Figure 4 presents the simulation and theoretical results obtained that the analytical results fit well with the simulation results. The difference between the simulation and analytical results is approximately 4% or less. It is apparent from the simulation results that lowering the upper limit of transmission duration reduces the average waiting time sharply (Fig. 5).

It is shown here that the AWT is a function of upper limit on the transmission duration Q and the initial upper limit for deference interval lmin. However, the ATT depends a lot upon the average number of systems K, competing for spectrum bands at any instant of time. As far as the AWT is concerned, it increases very slowly with the increase in the number of systems competing for spectrum band, which is the beauty of the model considered. Furthermore, it is quite clear from the results obtained that reducing the maximum transmission duration decreases the average waiting time for all blocked systems.

Fig. 3: Simulation results for AWT and ATT as a function of the number of systems competing for spectrum

Fig. 4: Simulation and numerical results for AWT as a function of the number of systems competing for spectrum

For example, for Q = 10, 5, 1 m sec, the AWT goes to 220, 113, 15 m sec, respectively, for a particular set of parameters. But, reducing the transmission time causes a noticeable wastage of spectrum resources.

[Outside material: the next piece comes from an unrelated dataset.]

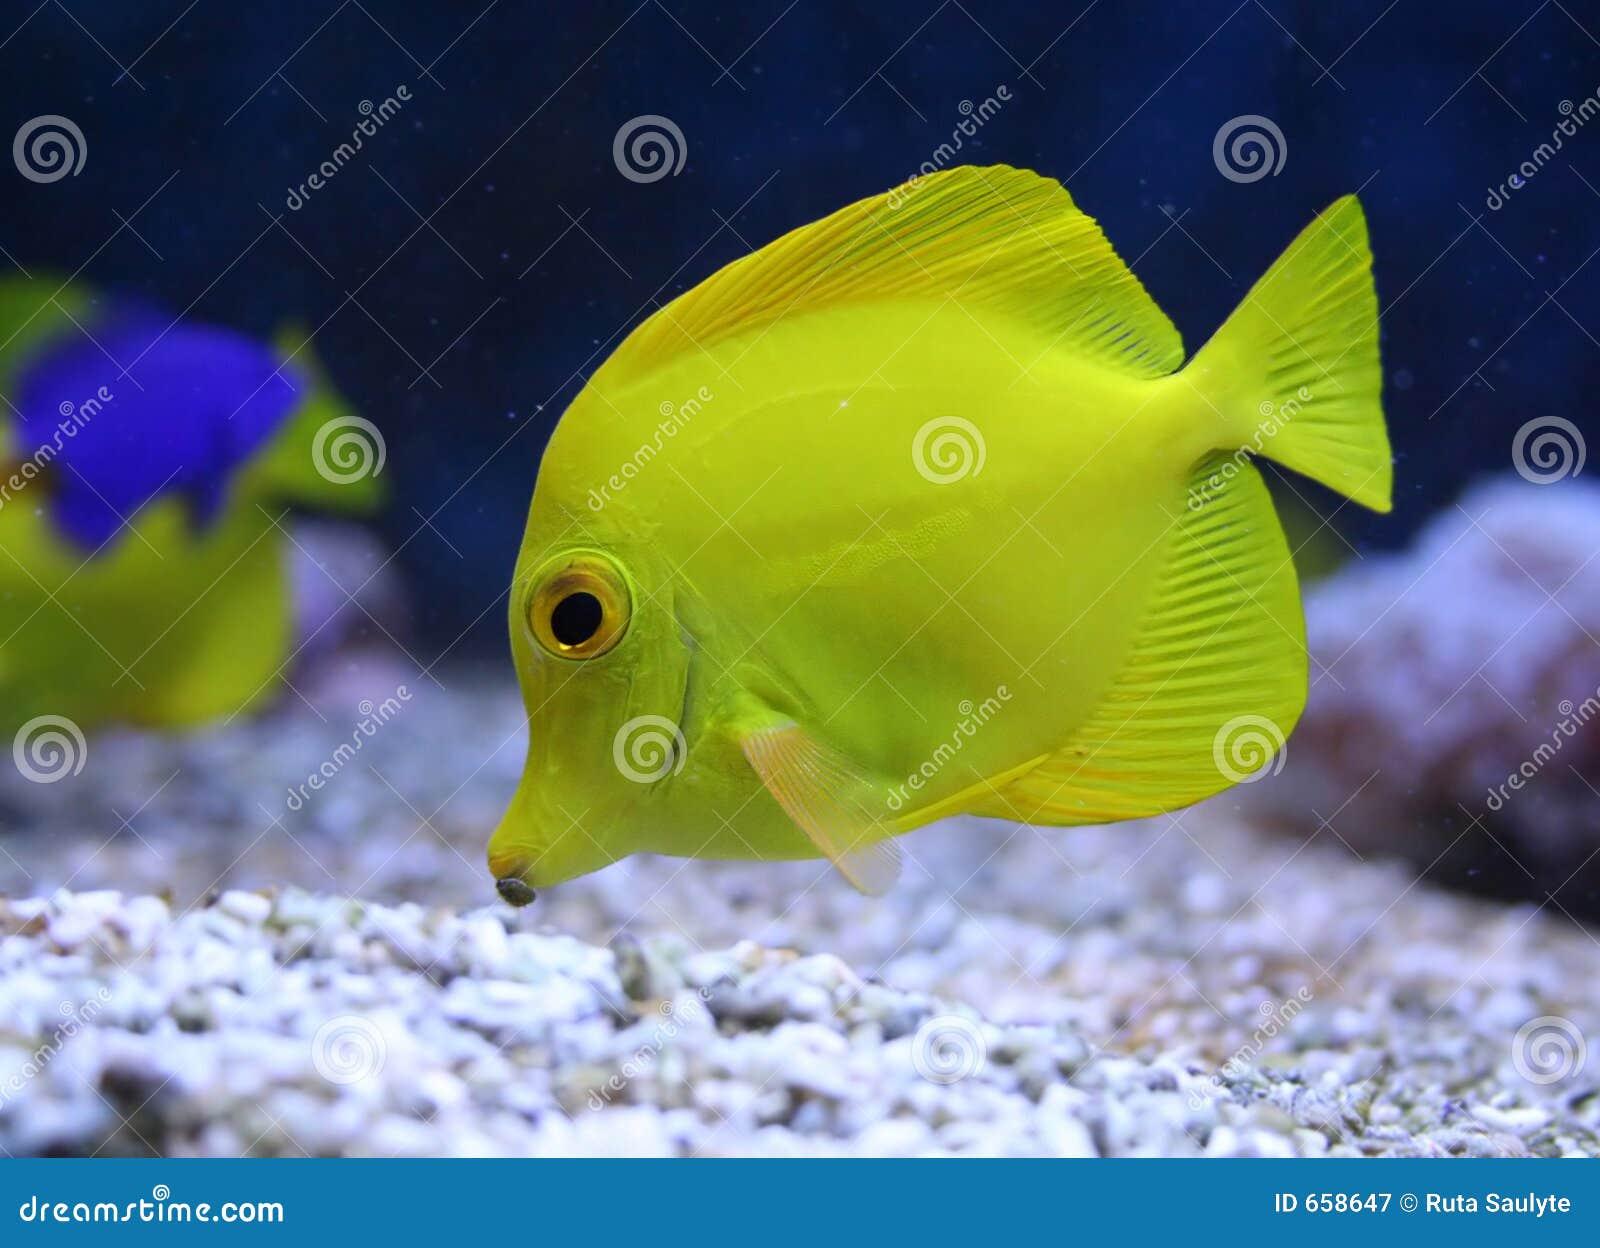 aquarium fish royalty free stock photography image 658647

Fig. 5: AWT as a function of upper limit on transmission duration

It is because reducing the transmission time increases the number of occurrences for non-negligible probability of the idle time and consequently there is an increase in the overall spectrum wastage. Similarly, the initial upper range lmin for deference interval also plays an important role for the reduction in the average waiting time, However, there is a possibility of slight spectrum wastage in terms of a comparatively longer idle time. Therefore, by knowing the impact of controlling factors as discussed earlier, an optimal solution for the upper limit on the transmission duration and for the initial upper range of deference interval can easily be found through the tradeoff between the acceptable average waiting time for the time sensitive applications and the overall spectrum utilization.


To minimize the average waiting time and the impact of greed in the scenario where the spectrum is taken as a commons, greed elimination model is presented and analyzed. In this study, keeping in mind the importance of the AWT for time sensitive applications, the analytical and simulation studies are performed to investigate the controlling factors for AWT, which is helpful for those systems who do not want to invest a lot for change in legacy systems. The results obtained present the impact of transmission duration, the average number of systems competing for spectrum and the initial upper limit for deference interval, upon the AWT and the ATT. With some trade off in these parameters, the acceptable AWT for the time sensitive applications can easily be found.


This study was supported by the National Science Foundation of China (NSFC) under the grant No. 90604035 and No. 60440420451 (Two Base Project).